Segment sales increased 36% year-on-year to $242.9 million (€210 million) during the three months to end of September, said Orion in a 5 Nov statement.
The increase was achieved as a result of passing through higher feedstock costs and despite a 3% decline in volumes to 173 kilotonnes.
Lower volumes, Orion said, principally reflected lower demand in Europe, Middle East and Africa (EMEA), and particularly Korea.
Adjusted earnings (EBITDA) of the segment declined 4.0%, to $27.4 million, due to lower volumes and higher fixed costs. Adjusted earnings margin decreased 470 basis points to 11.3%, year over year.
“With year-to-date rubber volumes at 90% of 2019 levels, we continue to expect 2022 market conditions to be very favourable for our rubber carbon black business,” said CEO Corning Painter, during a 5 Nov conference call.

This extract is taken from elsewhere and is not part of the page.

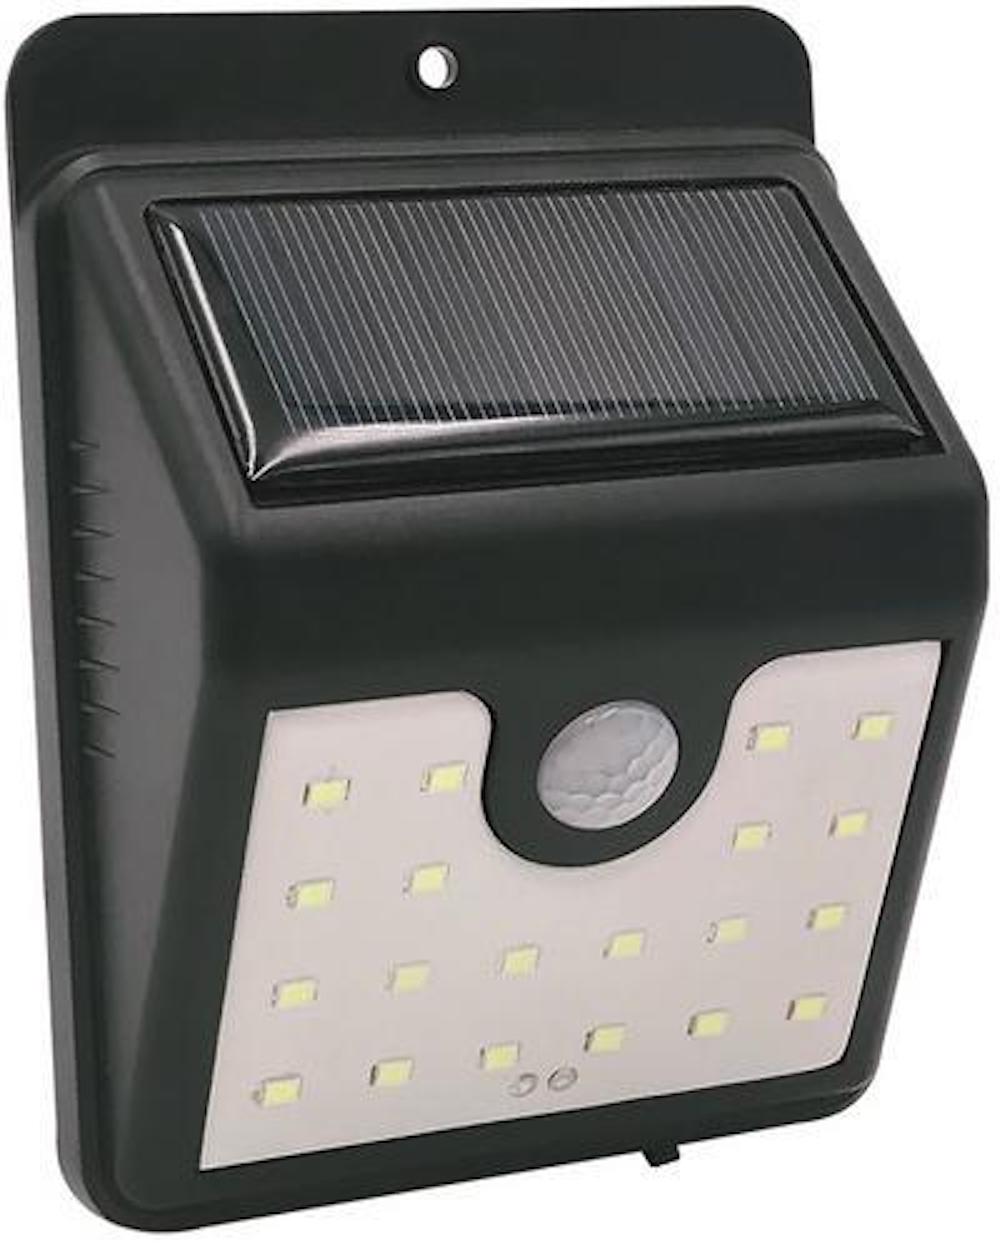 SuperSparSet 10x BERLIN Solarlampe mit automatischer Einschaltfunktion | HxBxT 9x4,5x11,5cm | 20 LEDs | Automatisches Schalten | Bewegungssensor | Gartenlampe, Rattanlampe

The official remained optimistic about the 2022 demand despite the ongoing semiconductor and other supply chain disruptions.
“We expect driving an automobile to remain the preferred mode of transportation for individuals and families and commercial traffic to remain robust,” he said.
These factors will likely result in higher miles driven, increasing demand for replacement tires, which make up approximately 60% of Orion’s rubber carbon black volume.
“Our positive 2022 outlook is also influenced by the projected tightening of the global supply demand dynamics as measured by global utilisation rates,” he went on to say.
According to Painter, Orion has completed 2022 rubber carbon black negotiations with approximately two-thirds of EMEA and Americas volume currently under contract “at market-driven pricing.”